In recent years, the deoxyribose backbone of DNA has been employed as a scaffold for the design of multichromophoric systems. Base substitutions have been made with phenanthrenes and pyrenes,[19,20] clusters of methyl red and naphthyl red dyes[21,22] and bipyridyl and biphenyl moieties.[23] Pyrenes have also been covalently attached to the 5′ position of uridine to form regular helical π arrays along the major groove of the DNA duplex.[24,25] Besides DNA, multilabeling of other nucleic acid architectures, for example, RNA[26] and LNA,[27] have also been carried out. Noncovalent assembly of chromophores on the DNA structure has also been observed with intercalating dyes.[28]

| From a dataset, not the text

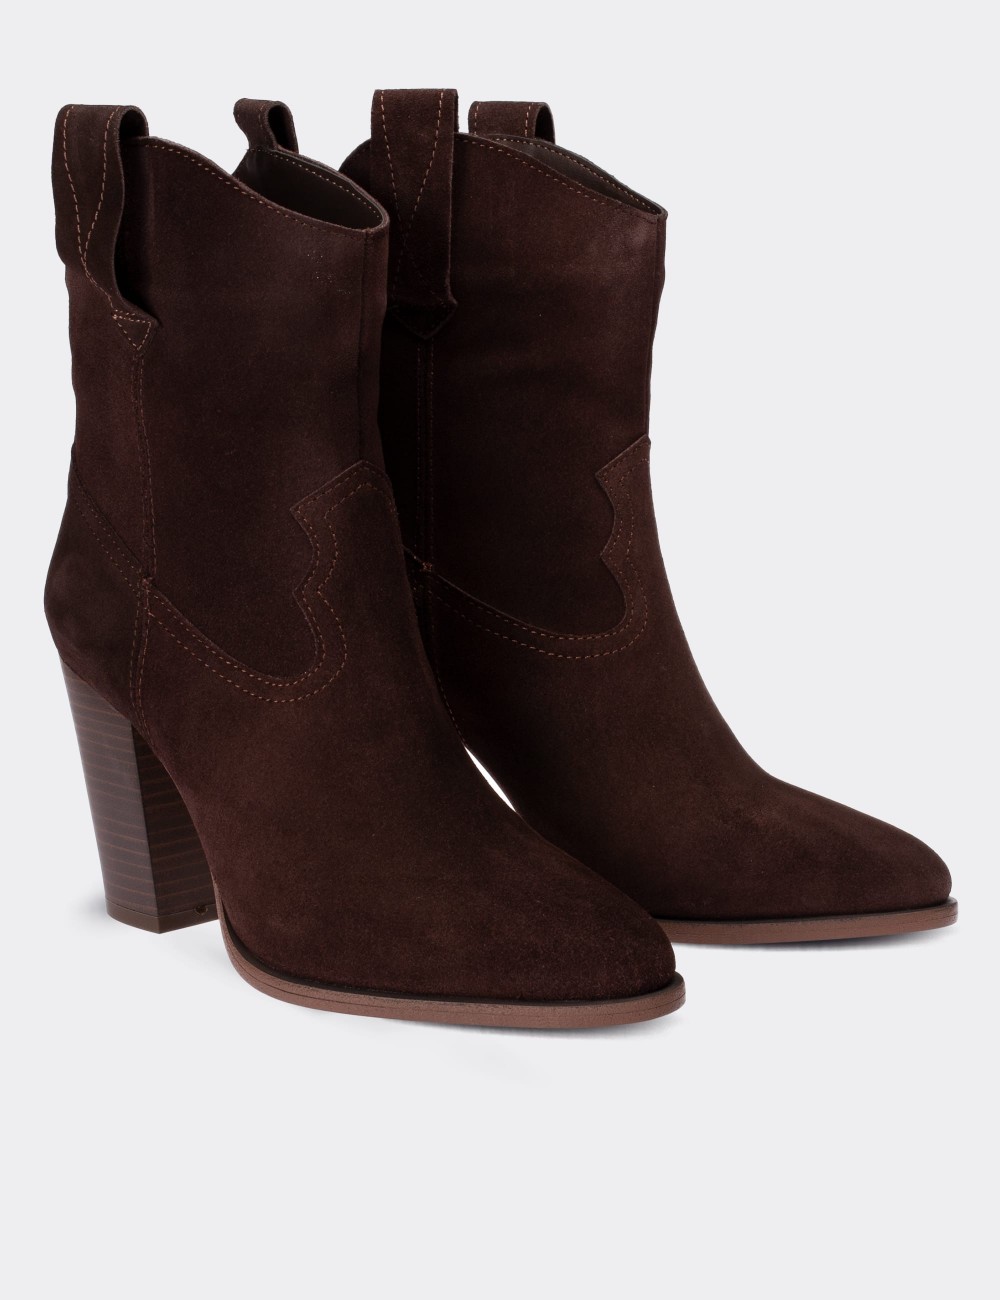 Brown Suede Leather  Boots - E4460ZKHVC01

Our laboratory has developed a novel system of discrete fluorophores built on the deoxyribose–phosphate backbone, called oligodeoxyfluorosides (ODFs), in which consecutive aromatic fluorophores, such as pyrene, perylene and benzopyrene, replace the natural DNA bases.[29,30] This DNA-like structure allows aromatic fluorophores to interact electronically in the ground state through π stacking, and results in multiple forms of energy and excitation transfer in the excited state. Excimers and exciplexes are commonly observed and result in large Stokes’ shifts of more than 200 nm.[31] By varying the length, monomers and sequence, highly diverse and tunable properties result; for example, sets of dyes with multiple emission colors have been identified that can be excited at one excitation wavelength.[32] In addition to their useful photophysical properties, ODFs have the advantages of being readily synthesized in any sequence on an automated DNA synthesizer; moreover, the anionic DNA backbone renders them water soluble.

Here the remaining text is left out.